§ **Exercise aim**:
A faithful copy is required. Print each line of the data exactly and omit the pictures.

§ **Collected material**:
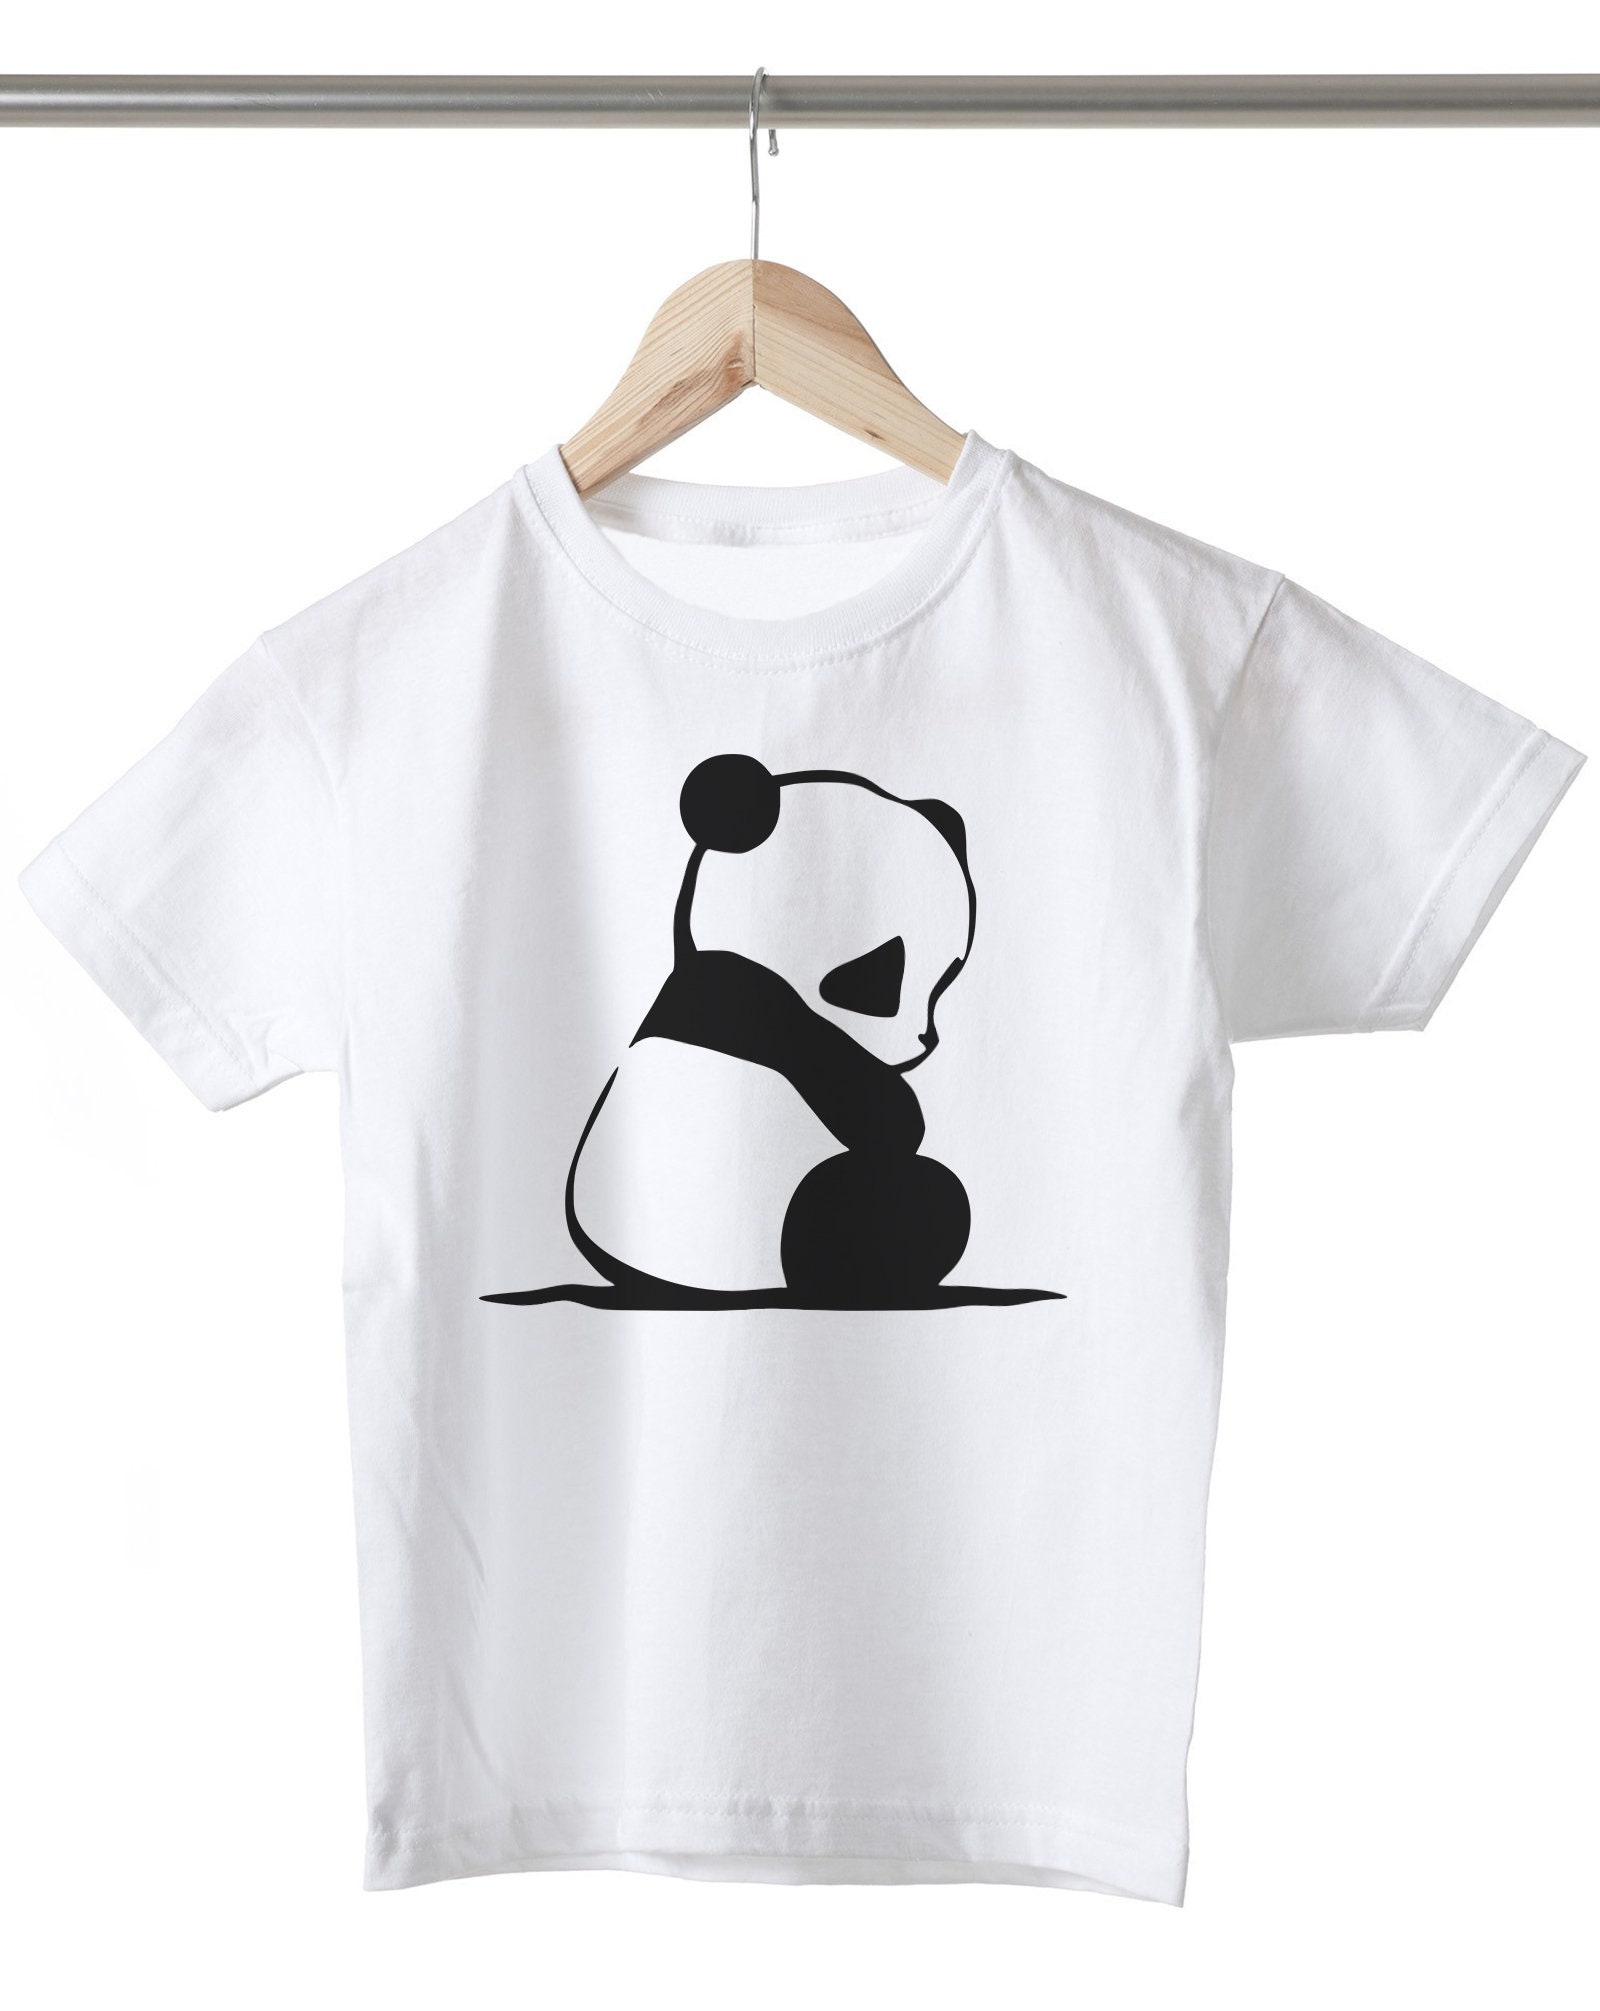 Stencil Panda Cute Animal Nature Cartoon Unisex Kids Girls Boys Cotton  Trendy Printed White T-shirt Top Tee - Etsy
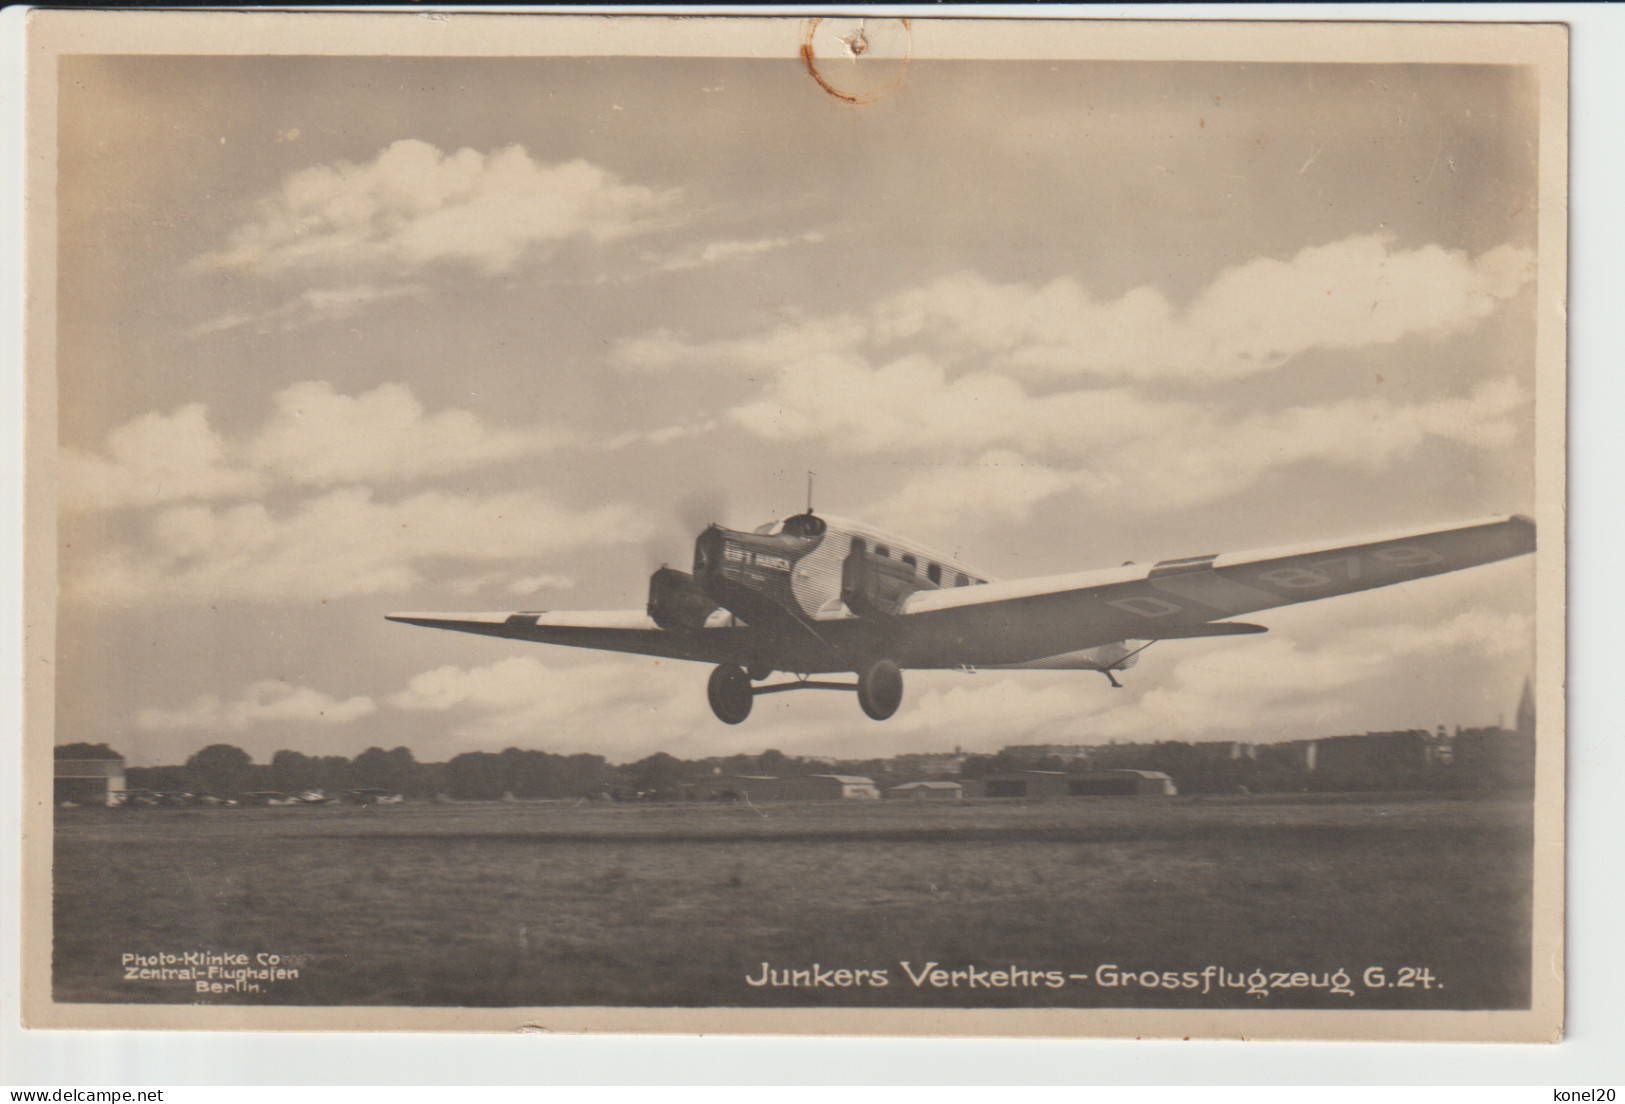 Vintage Rppc Lufthansa Verkehrflugzeug Junkers G-24 Aircraft - 1919-1938: Between Wars
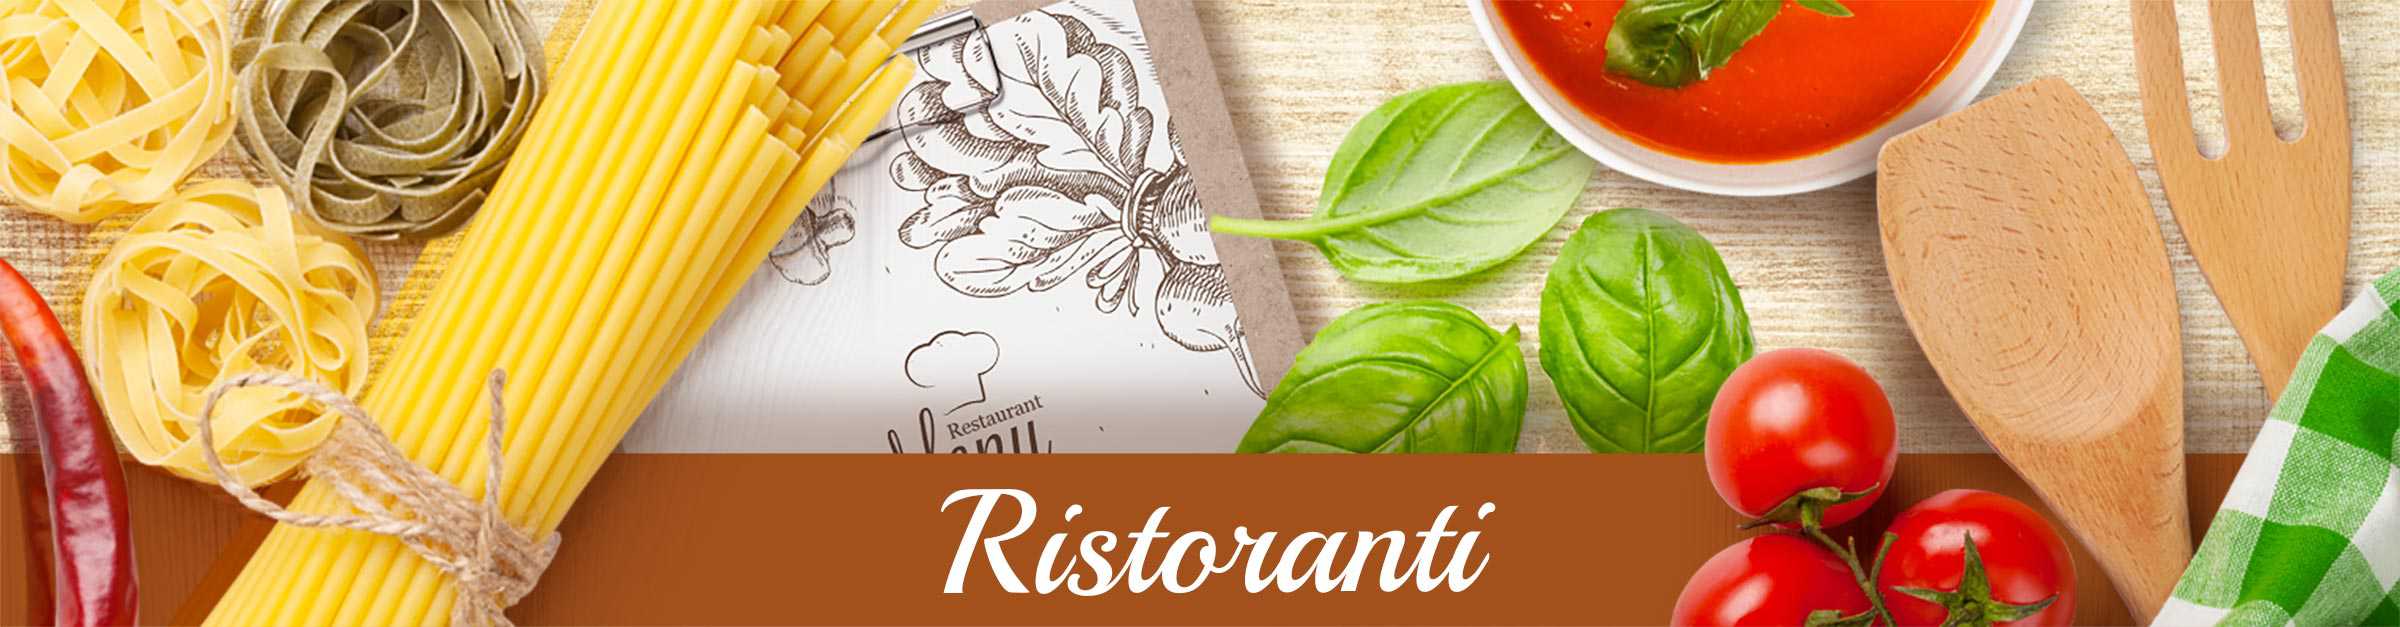 Recensioni Ristoranti - Simon Italian Food
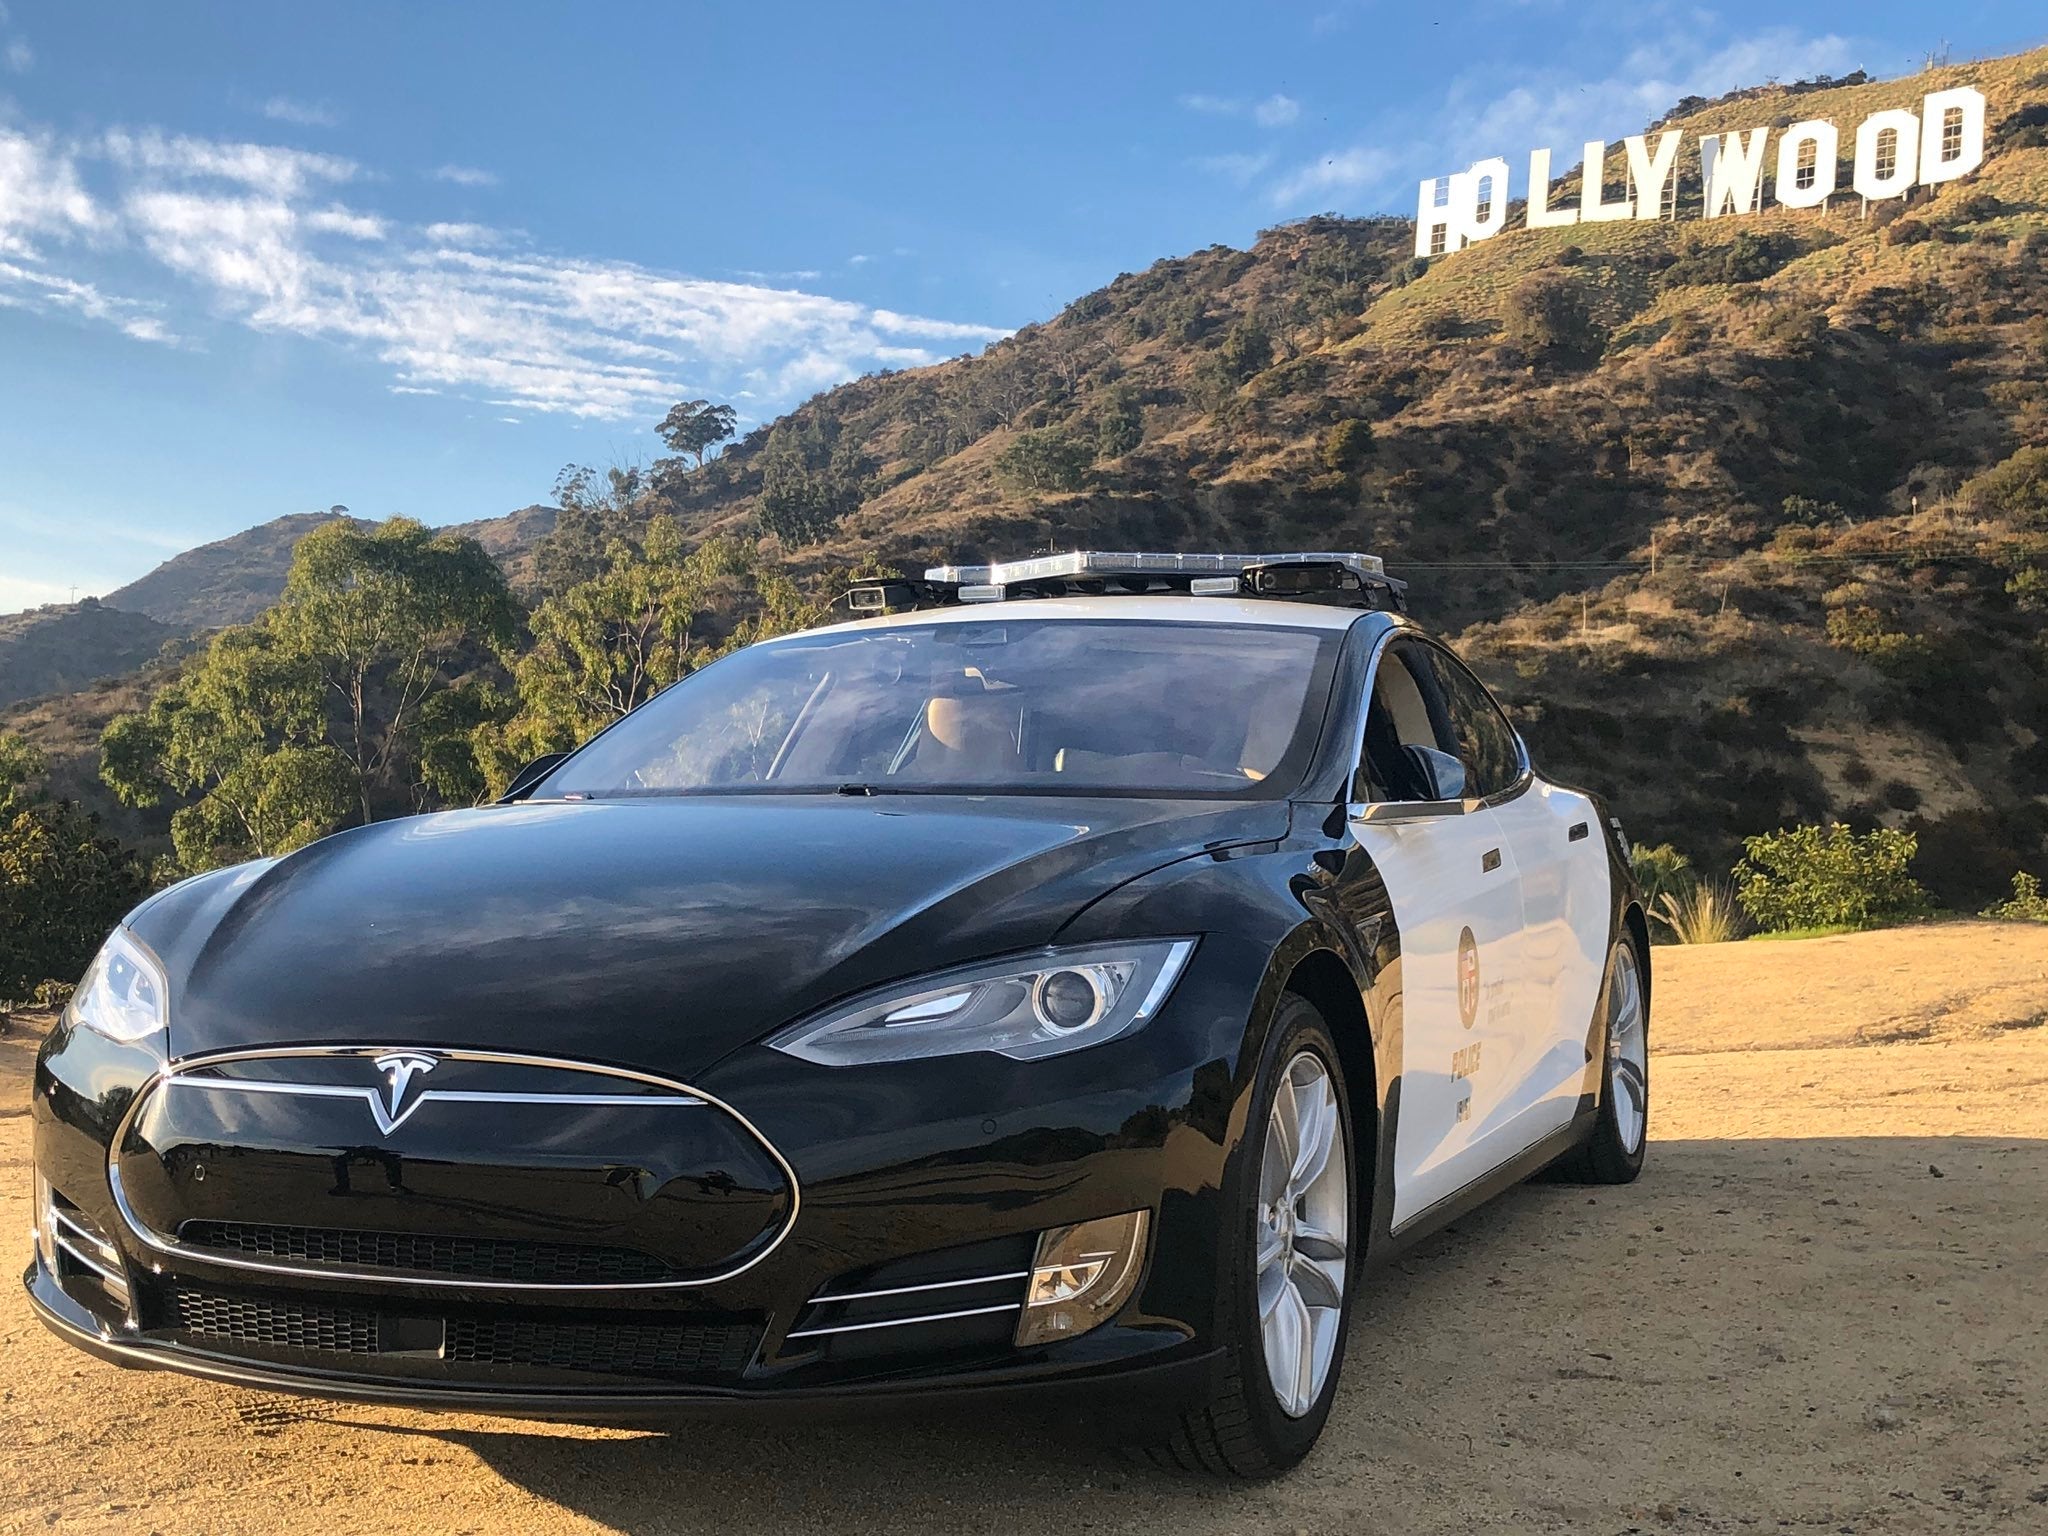 LAPD Hollywood Division tests out Tesla patrol car

§ **Output**:
 Stencil Panda Cute Animal Nature Cartoon Unisex Kids Girls Boys Cotton  Trendy Printed White T-shirt Top Tee - Etsy
 Vintage Rppc Lufthansa Verkehrflugzeug Junkers G-24 Aircraft - 1919-1938: Between Wars
 Recensioni Ristoranti - Simon Italian Food
 LAPD Hollywood Division tests out Tesla patrol car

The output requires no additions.